Carbon fiber has been used for SCBA (the air tanks firefighters wear) for about 25 or so years. It’s a very mature technology with millions and millions of use cycles and very, very few failures.
Older cylinders were all aluminum (and before that, steel), about a half inch thick or so, with a maximum working pressure of 2216 psi. The carbon fiber ones are a very thin (less than 0.08 inches) spun aluminum inner shell wrapped with carbon fiber on the outside. The inner aluminum shell provides the air tight liner, while the carbon fiber adds tensile strength to keep the thin aluminum from bursting. The aluminum shell is competely wrapped - sides and ends - with carbon fiber; there isn’t a bonding issue like in the Titan. Pressures inside are up to 5500 psi.
The old aluminum cylinders needed to be hydrostatic tested every 5 years, and have an infinite life as long as they keep passing their hydro.

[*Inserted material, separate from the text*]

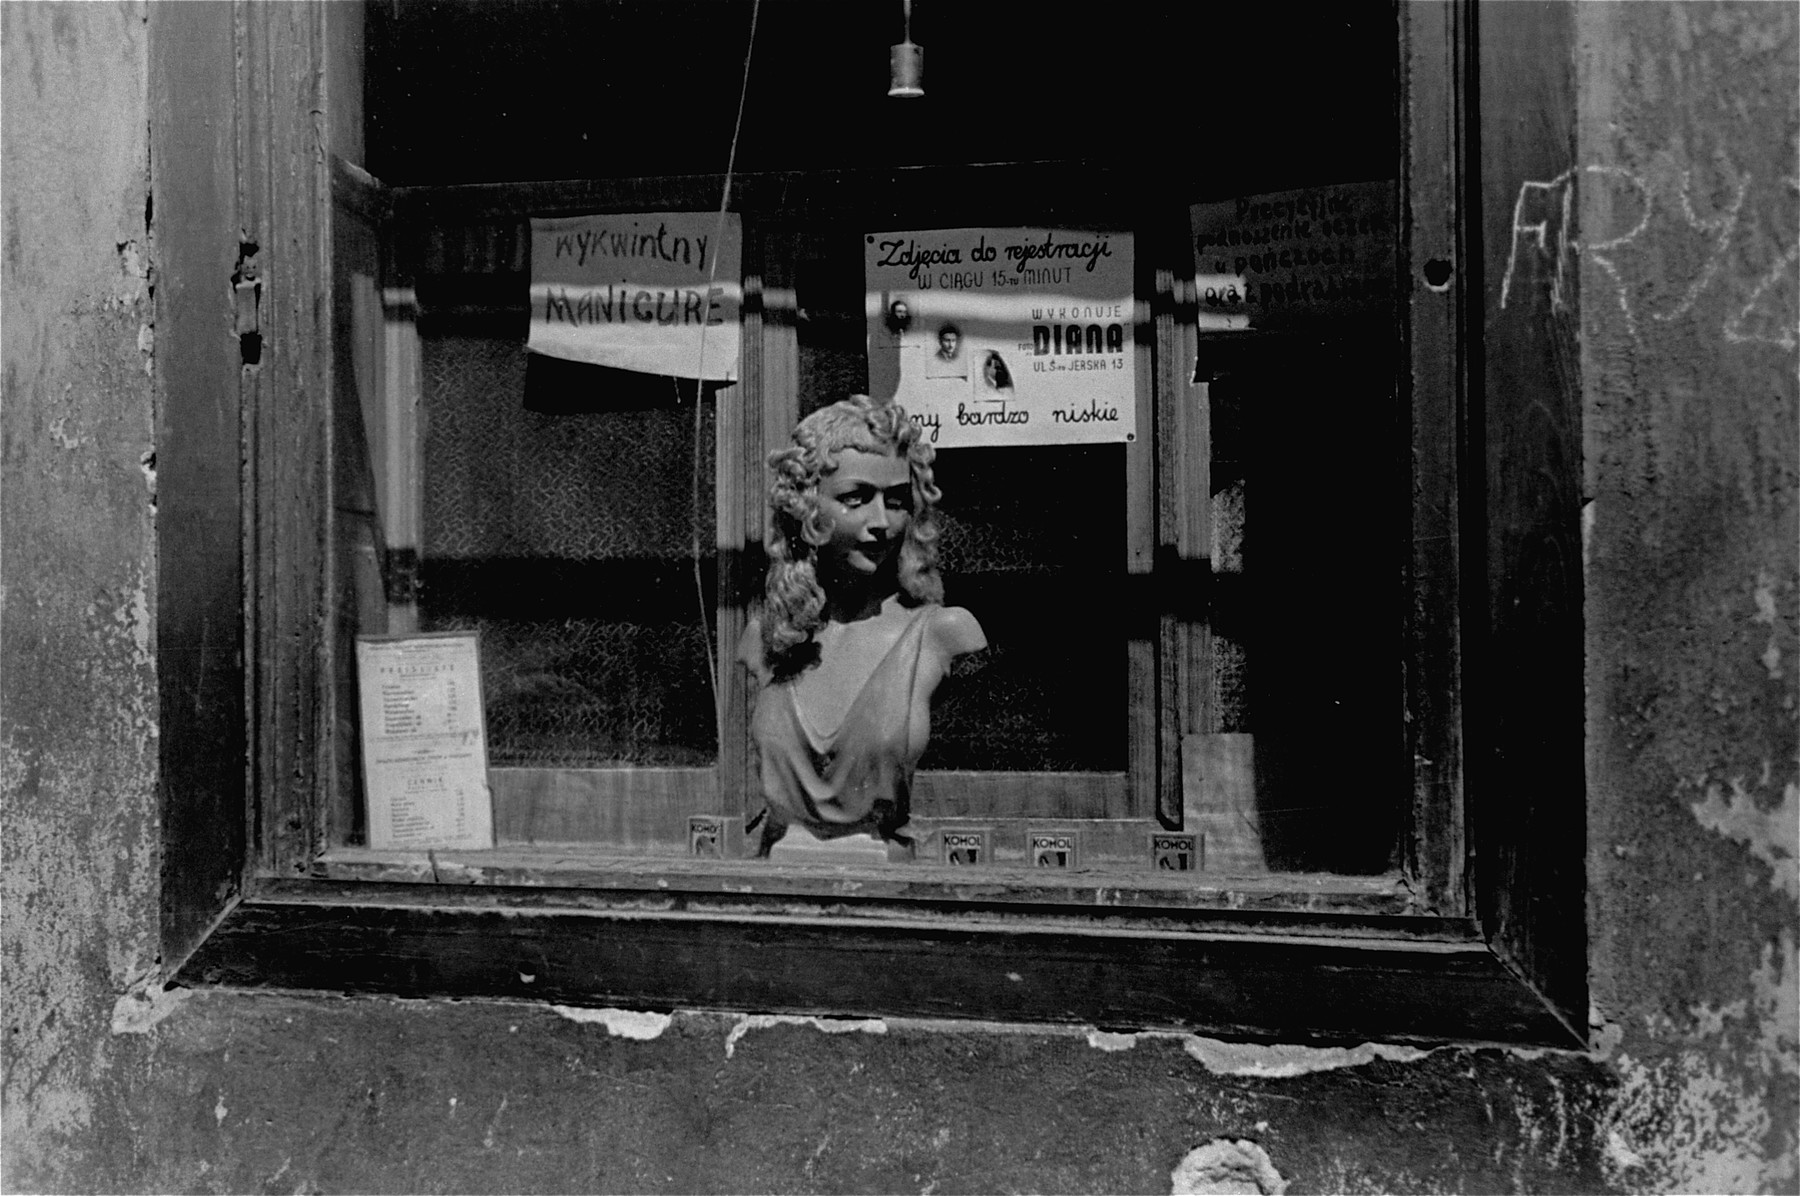 A shop window in the Warsaw ghetto advertising different services, including stocking repair, passport photos and manicures.  The chalk sign on the wall reads "barbershop."
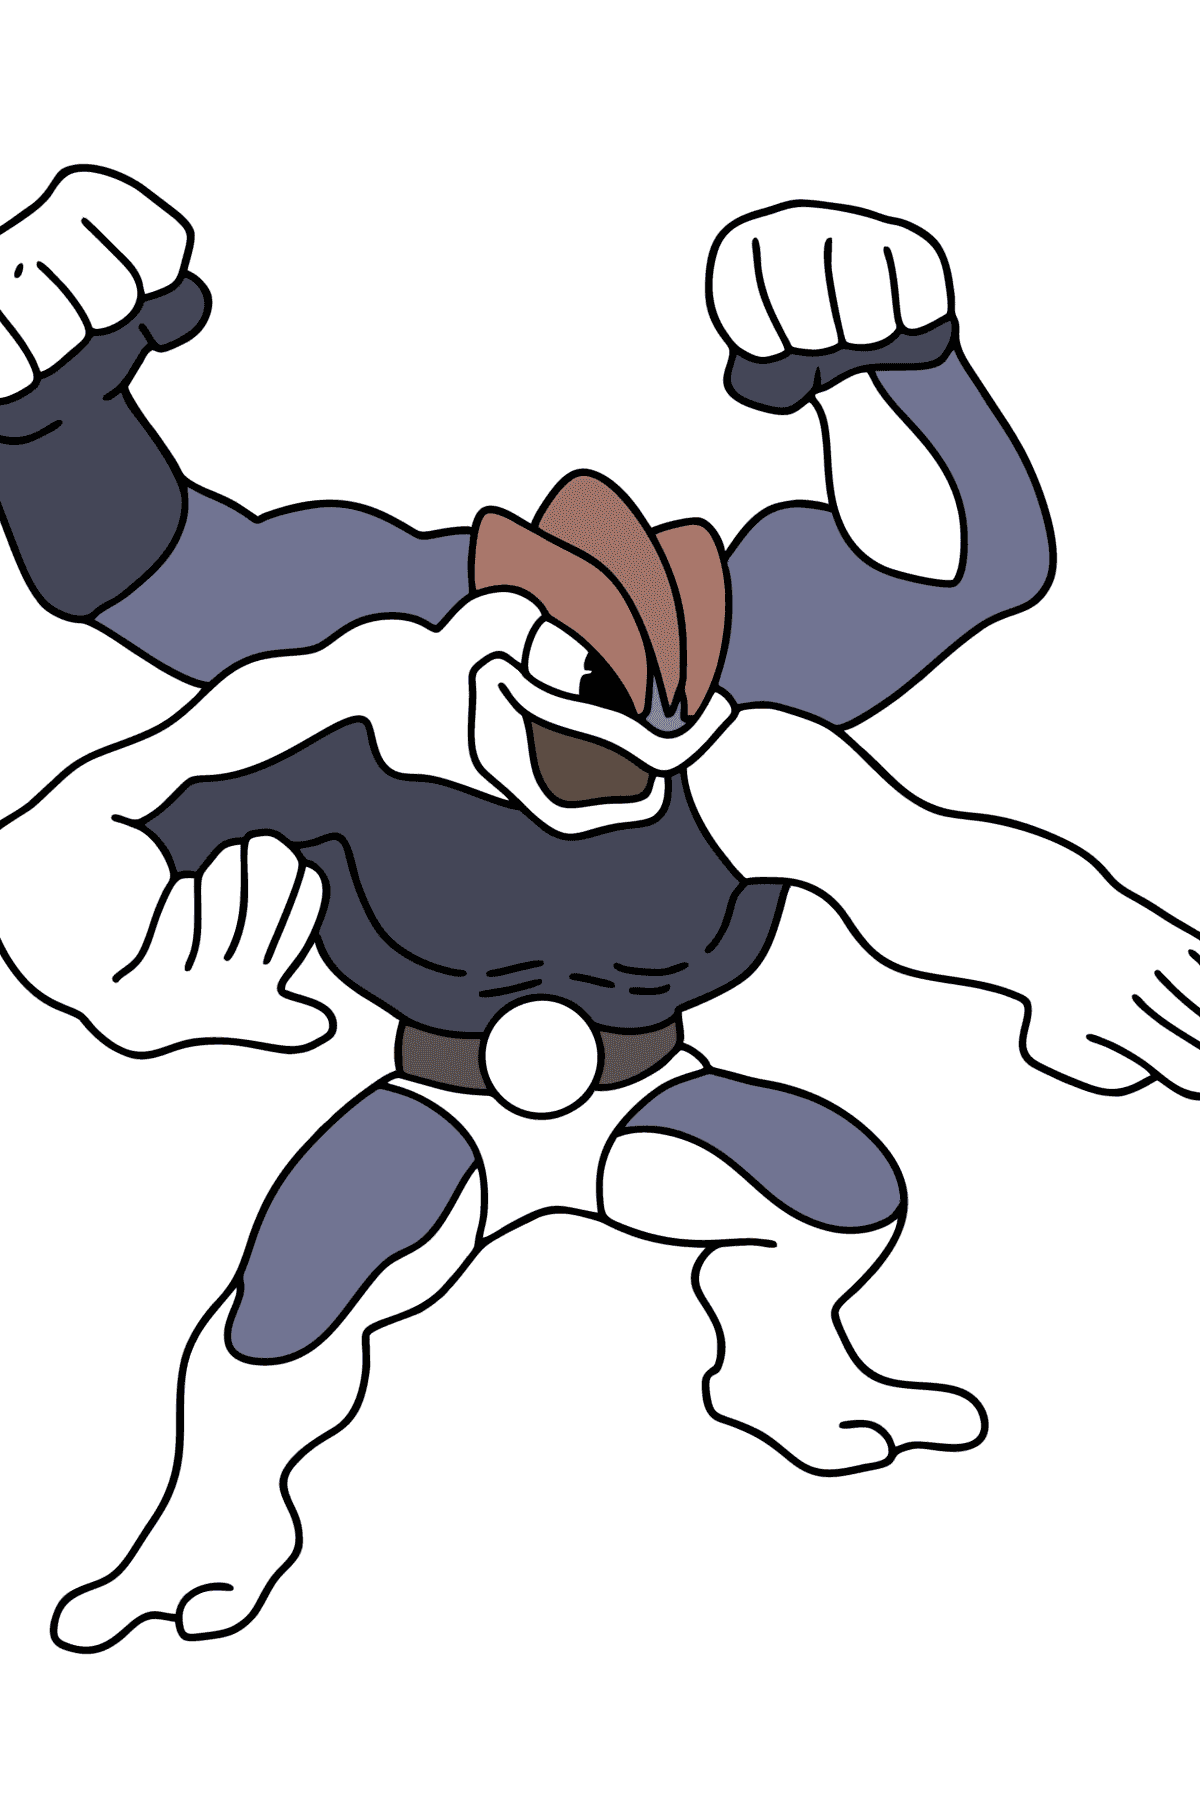 Coloring page Pokemon Go Machamp - Coloring Pages for Kids

The carbon fiber cylinders get hydro tested every 3 years, and have a maximum life of 15 years (there’s been talk for years about extending that to 20 years). While the technology is mature, it’s still not as tried and true as plain old aluminum or steel.
Is there a difference between a cylinder with pressure pushing out and a cylinder with pressure pushing in?
I am pretty sure I have seen this distinction made but I am no expert. It seems like they should be the same but I’m not sure.